Santhera obtains worldwide exclusive development and commercialisation licence from Polyphor.

M2 PHARMA-February 15, 2018-Santhera obtains worldwide exclusive development and commercialisation licence from Polyphor


Santhera Pharmaceuticals Holding AG (SWX: SANN) has entered into a licence agreement with Polyphor Ltd for its clinical stage candidate, POL6014, the Swiss company announced on Thursday.
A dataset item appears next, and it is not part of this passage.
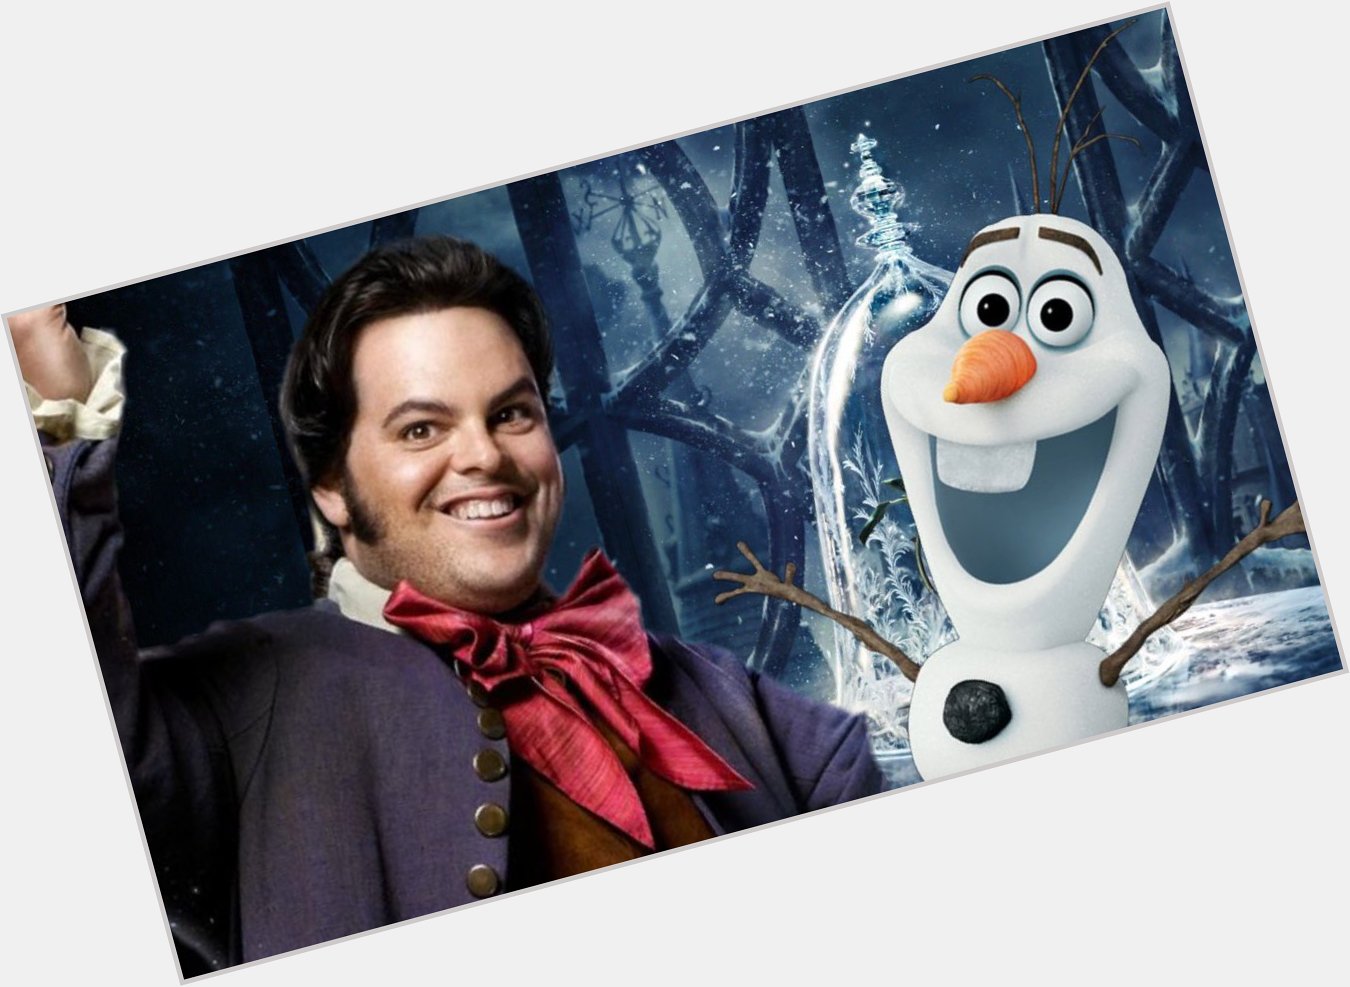 Happy birthday to the voice of Olaf and our new Lefou, the hilarious Josh Gad.

POL6014 is a clinical stage selective inhibitor of human neutrophil elastase with the potential to treat cystic fibrosis (CF), as well as other neutrophilic pulmonary diseases, such as non-cystic fibrosis bronchiectasis (NCFB), alpha-1 antitrypsin deficiency (AATD) and primary ciliary dyskinesia (PCD).

Santhera will become responsible for the global development, regulatory filings and commercialisation of POL6014.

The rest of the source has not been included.